Probably won’t swim here today because of the rain
I feel like I am getting better and better in planning my energy levels during long term travel. It’s super exhausting to travel from place to place every day and do all kinds of tours. It is not sustainable. I know some people can do it, but my pace is my pace. So I try to take plenty of rest days in between travel and tours.
After Vietnam, I felt like I needed some stationary time. 10 days in Kuala Lumpur in an AirBnB helped a lot. Also having a healthy routine of running on the treadmill in the morning, exercising in the gym, journaling and meditation. I felt my energy coming back and even worked on a couple of smaller projects.
View from my laptop
There are lots of positives about Kuala Lumpur. It’s clean. The public water supply from the faucet is not as toxic as in Vietnam (or other countries) which makes brushing teeth, salads, and ice cubes safe everywhere. The food was diverse and delicious. Indian, Chinese, Malay and western food – you name it. But they also had relatively cheap Australian oatmeal, oat bran and psyllium husk. My gut biome was happier than ever. Would I still get fat there if I stayed longer? Probably.

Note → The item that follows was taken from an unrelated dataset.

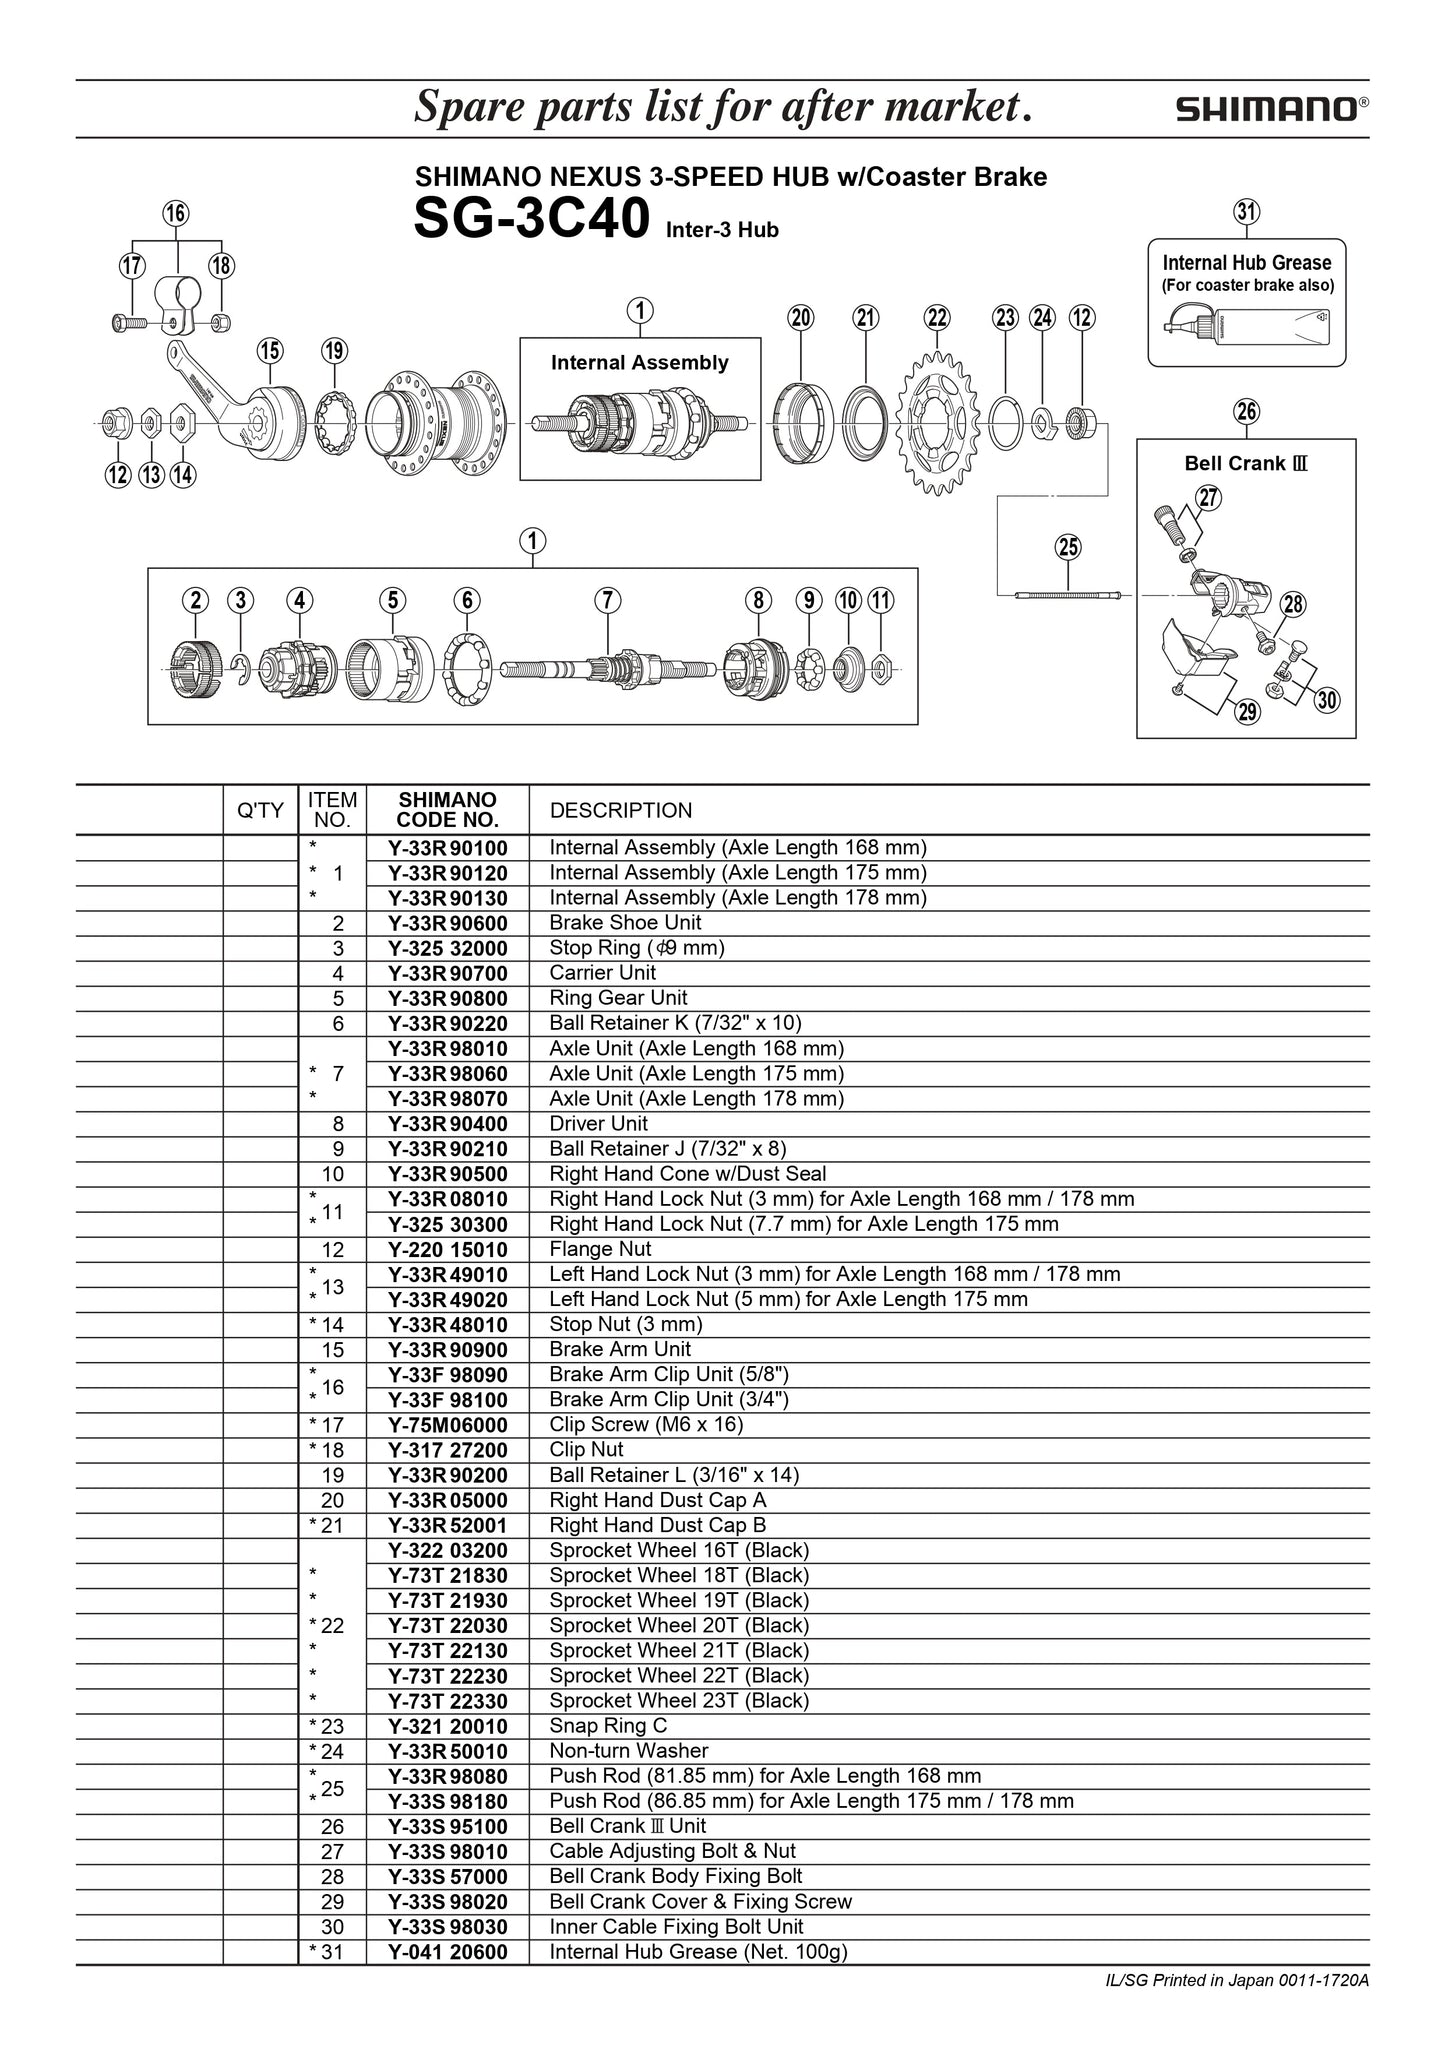 SHIMANO Nexus SG-3C40 Hub 3-Speed Ball Retainer L - 3/16" x 14 - Y33R90200-Pit Crew Cycles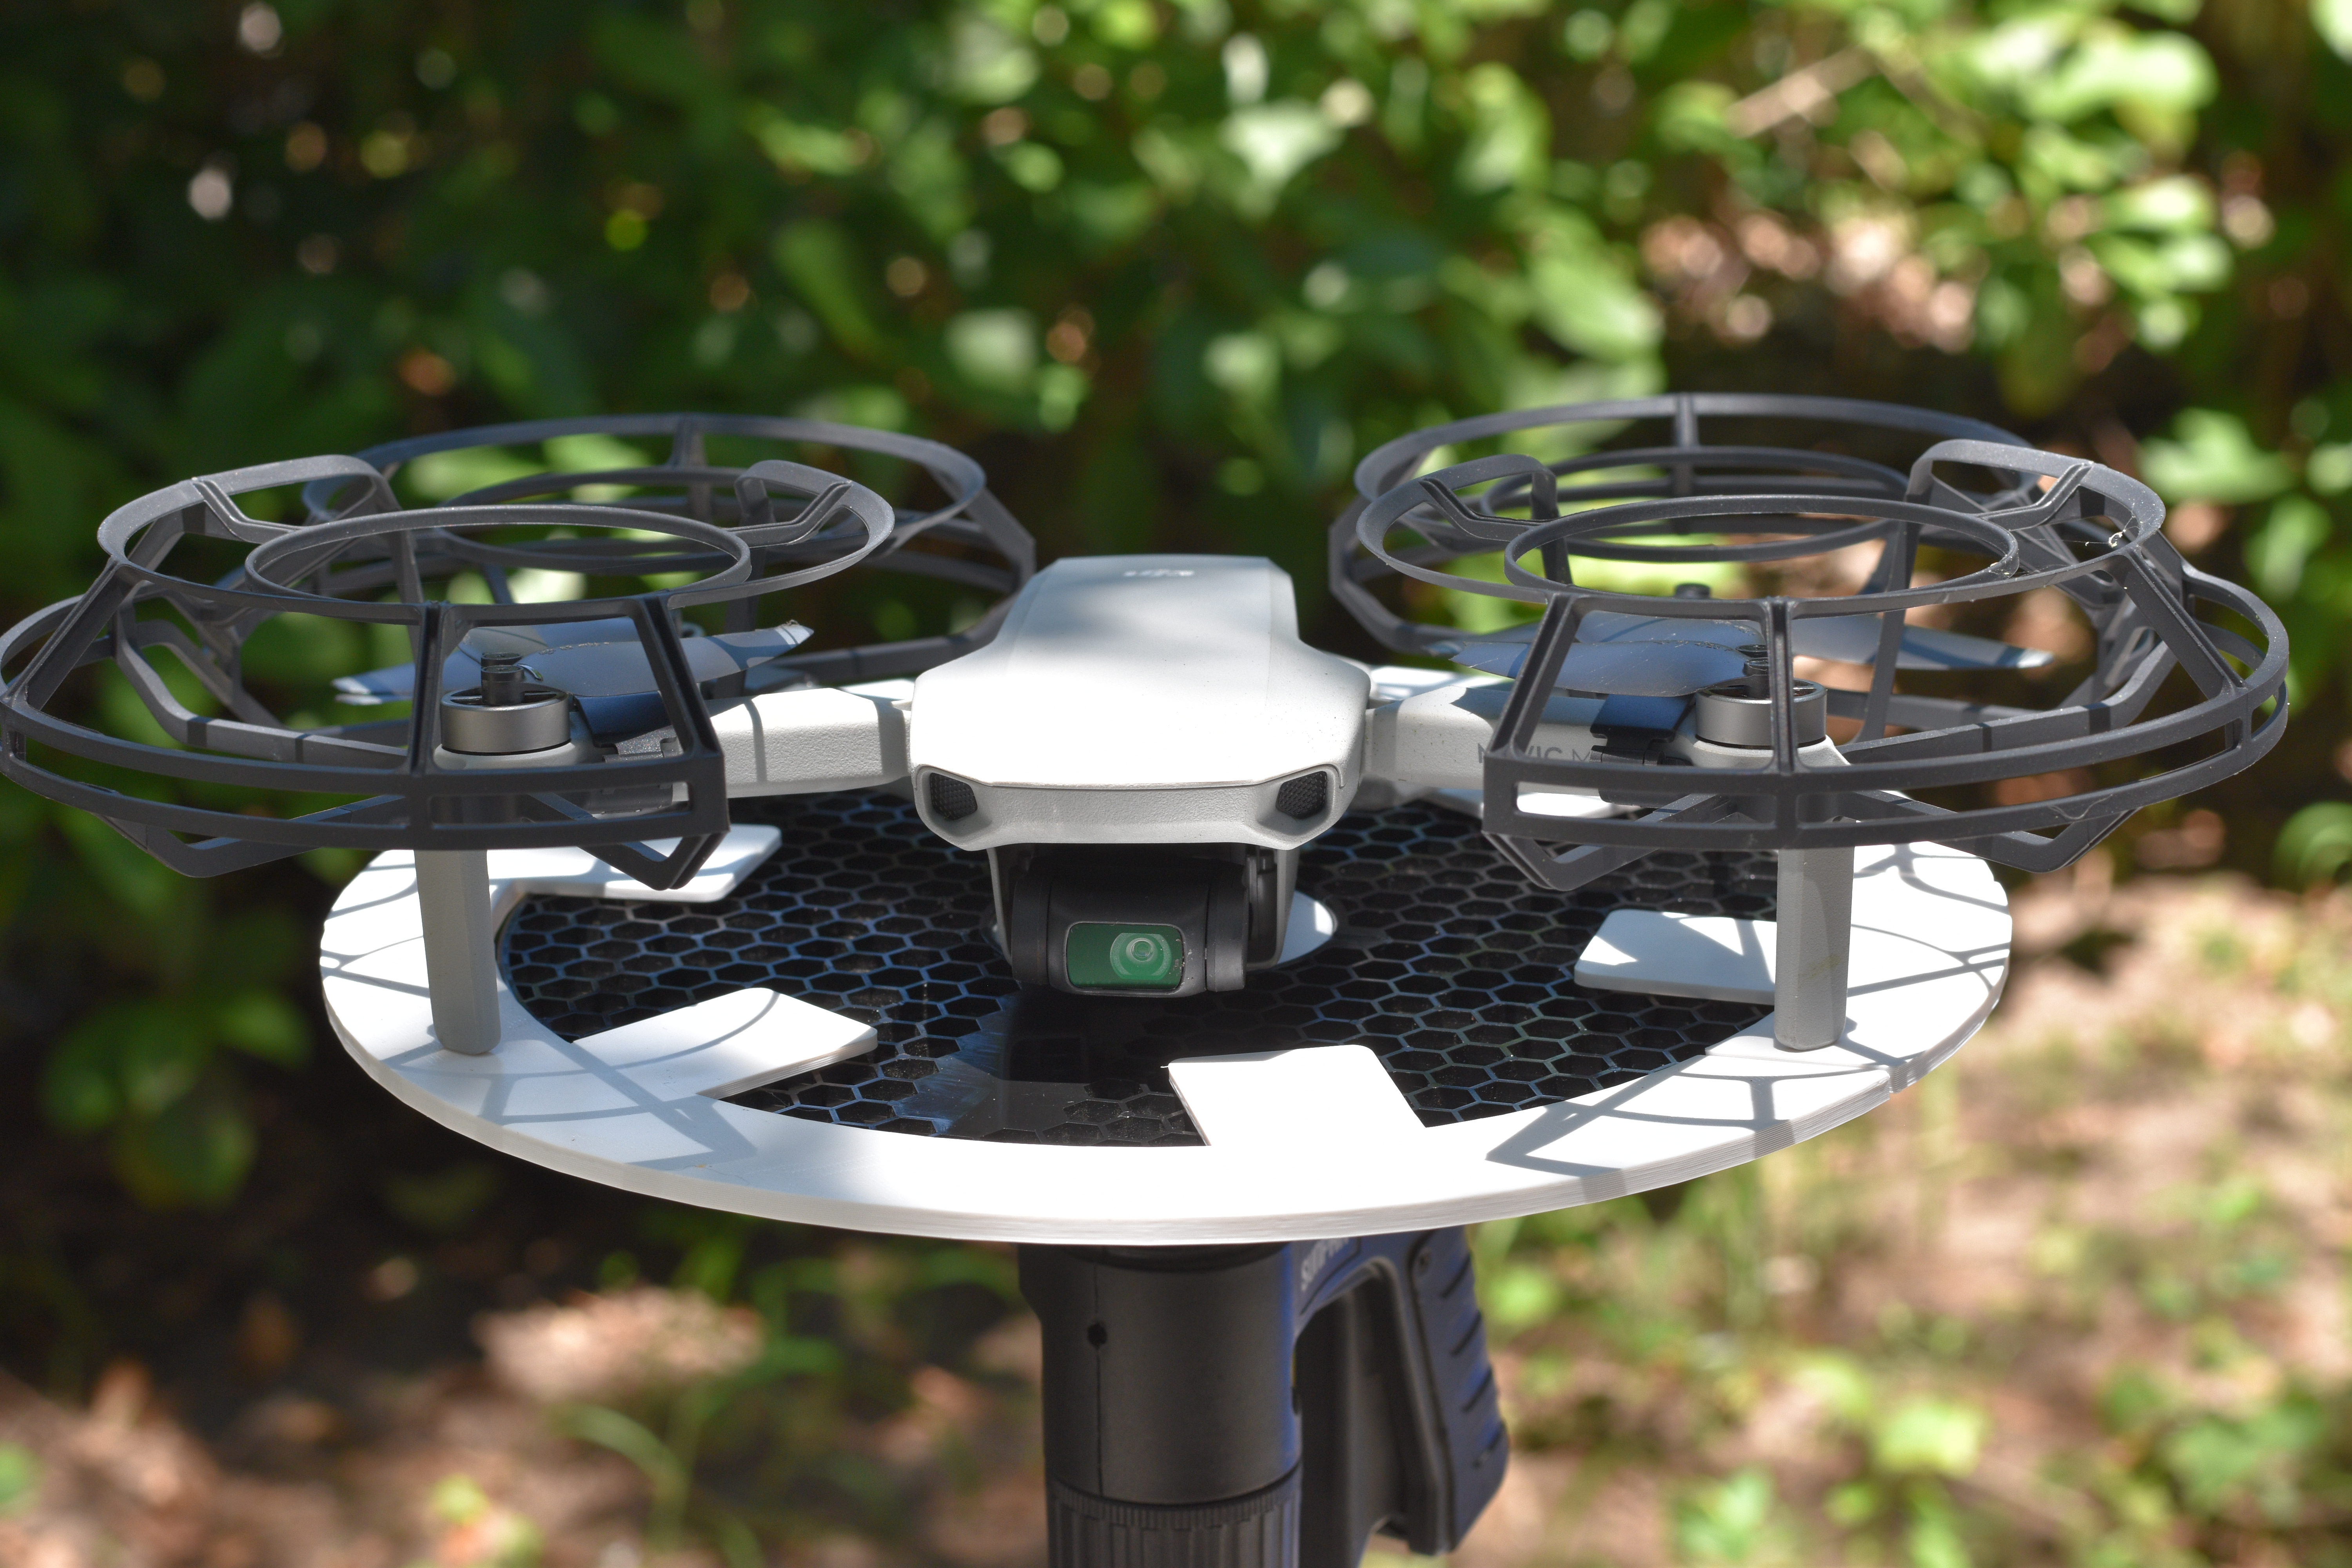 Drone Tripod Landing Pad

I just feel good here. I still haven’t seen everything the city has to offer. I also enjoy the whole multicultural atmosphere there. I can see this being my base to explore more of Southeast Asia. It was a nice place to recharge my travel batteries.
Only negative so far: It is very car focused. Walking outside a mall or park can be pretty inconvenient.
Small snack-size meals wrapped in banana leaf
Inside the atrium of the Batu Cave in the north of KL
View from the Atrium into the cave
Entry to the temple inside the cave
Hindu Temple in Chinatown
Hindu, Chinese Buddhist, Muslim and Christian worship sites can be close together or even on the same street here in KL.